Cease and desist forces impressive fan recreation of the Enterprise from Star Trek: The Next Generation to self destruct

"The line must be drawn here. This far, no farther!"

A fan-made recreation of the Enterprise from Star Trek: The Next Generation has been pulled offline following a cease and desist.

Stage-9 was a two-year-old fan project that let users explore a virtual recreation of the Enterprise-D, the spaceship made famous by The Next Generation tv show.

The hugely-detailed virtual recreation was built using the Unreal game engine, and was available on PC as well as virtual reality headsets Oculus Rift and HTC Vive. You can freely roam the ship, travel to the various decks, enter rooms, interact with objects and even fire a phaser. Stage-9 looked like this:

In a video update, the head of the project, who goes by the name "Scragnog", explained he had no choice but to can Stage-9 after lawyers from CBS refused to budge on their cease and desist.

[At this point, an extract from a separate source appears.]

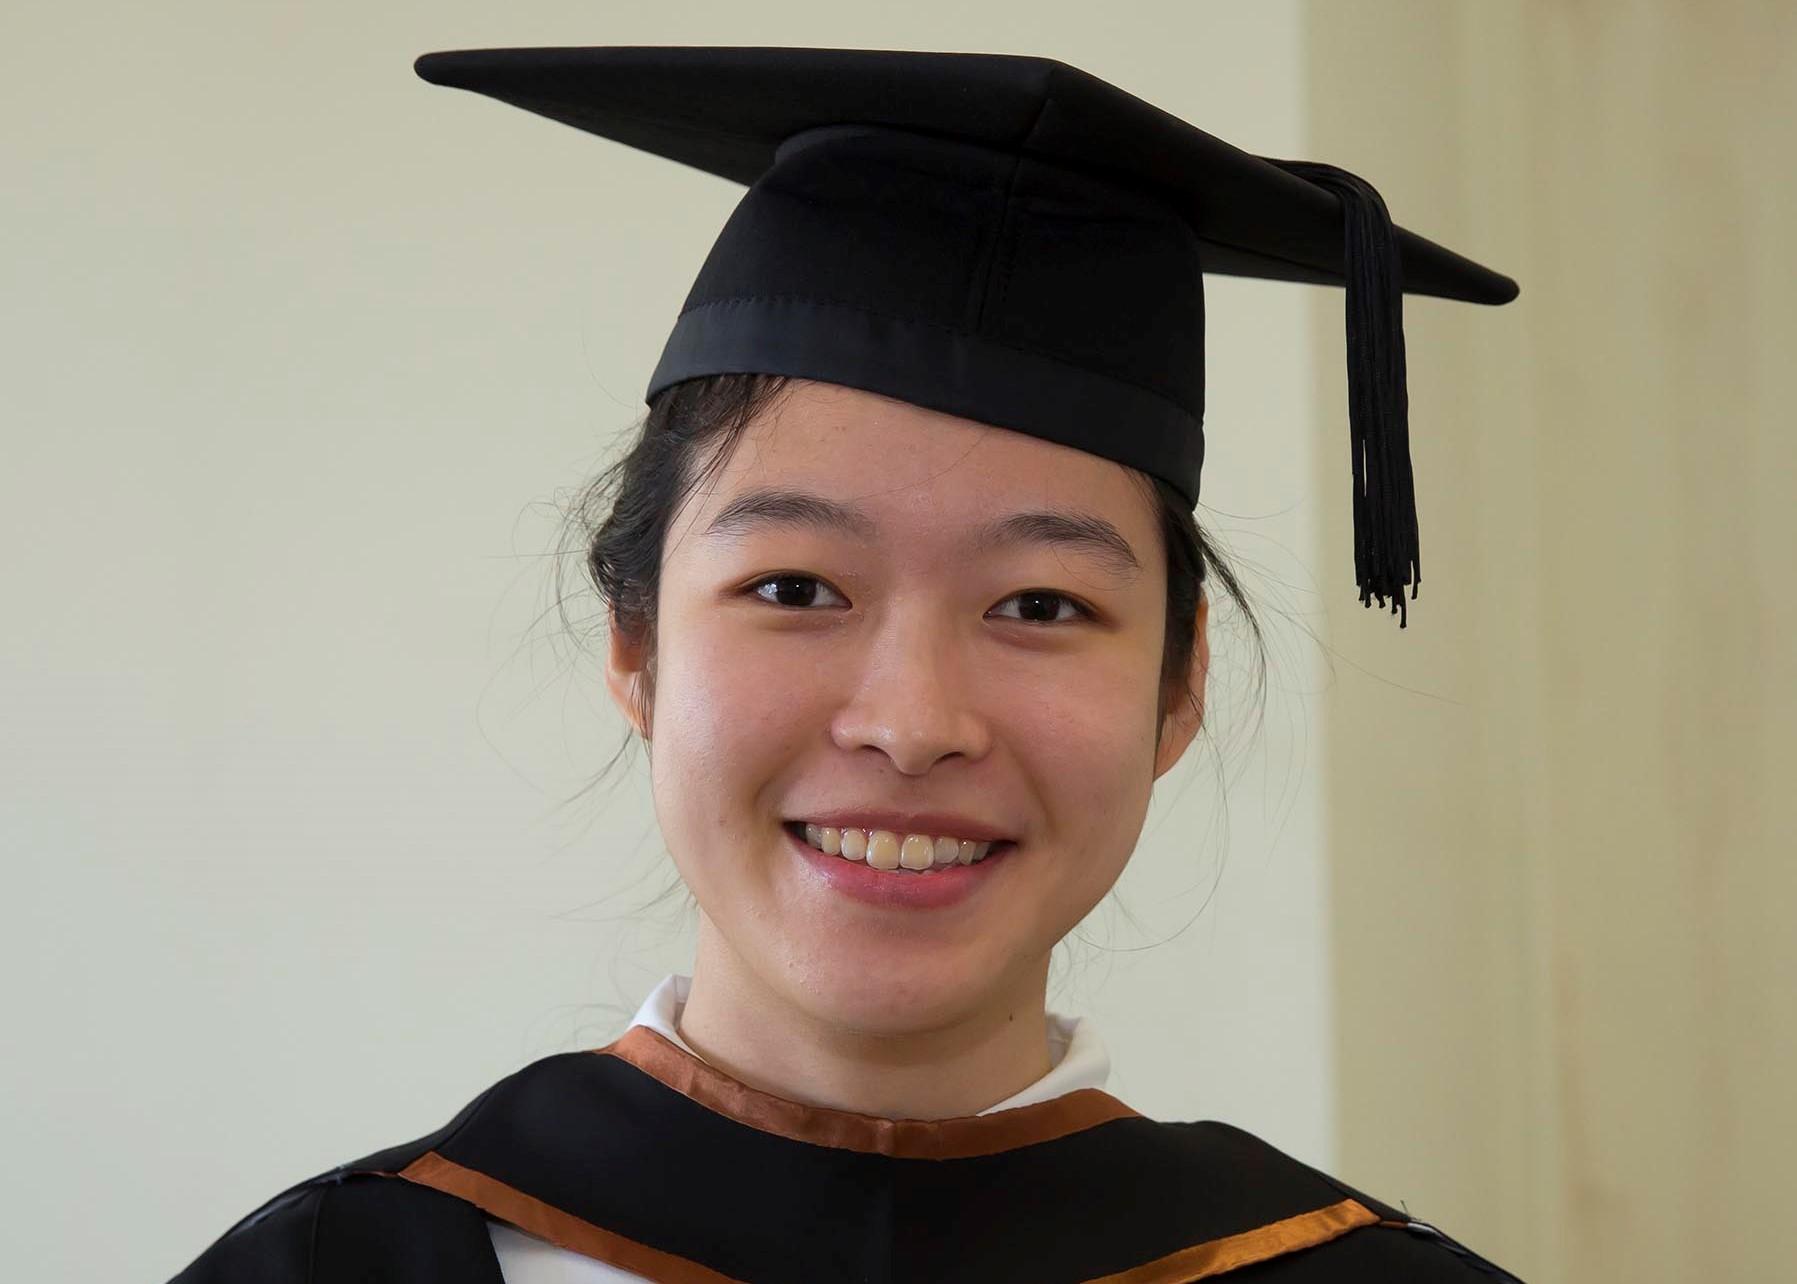 Yi Hui Tan - Bachelor of Science (Honours) in Quantity Surveying

Throughout the project, the developers made it clear Stage-9 was not an officially-licensed endeavour with no affiliation with CBS or Paramount. Money was not involved, either. "We were just fans creating fan art," Scragnog said. "I thought we'd made that pretty clear."

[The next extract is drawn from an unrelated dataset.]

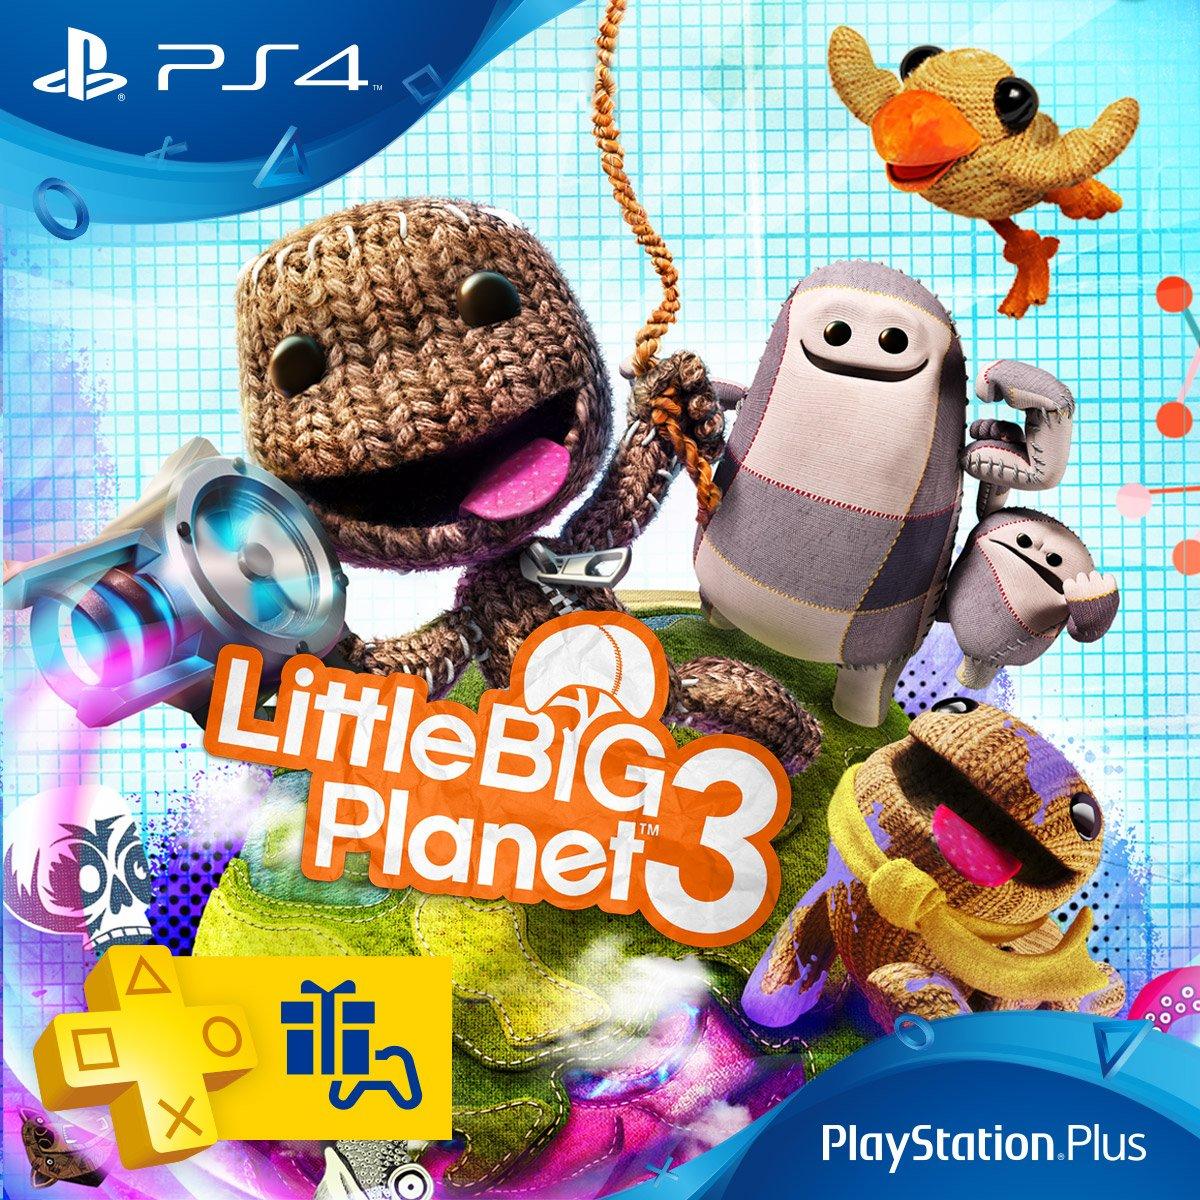 littlebigplanet 3 meet oddsock sonic

In 2017, a year after work on Stage-9 began, Ubisoft released Star Trek Bridge Crew, a game that lets players work at a station on the bridge of the Enterprise. This year, the game saw an Enterprise-D DLC.

"Internally this was an exciting development, but at the same time it concerned us," Scragnog said. The team took a break from issuing updates to the game while, in the background, it worked on what would have been the 11th update for Stage-9 and explored the possibility of pitching the project to CBS as a potentially officially-licensed piece of software.

"Throughout all of this we knew it could end at any point," Scragnog said.

Then, on 12th September, the cease and desist letter from CBS' lawyers arrived. The decision was made to put all of the Stage-9 public-facing channels into lockdown while the team tried to convince CBS to change its mind. They suggested tweaking the project to ditch the inclusion of VR, ditch the use of the Enterprise-D specifically and even change the name, but CBS insisted Stage-9 end.

And so now, it has.

Scragnog's video is an emotional goodbye to Stage-9, which clearly meant a lot to him, and there are plenty of thank yous to the people who helped make it happen. There's some understandable anger directed at CBS in there, too. CBS and Paramount have issued guidelines for fans making Star Trek fan films, insisting "CBS and Paramount Pictures will not object to, or take legal action against, Star Trek fan productions that are non-professional and amateur", as long as they meet the guidelines.

It seems for Stage-9, the rules were a little different.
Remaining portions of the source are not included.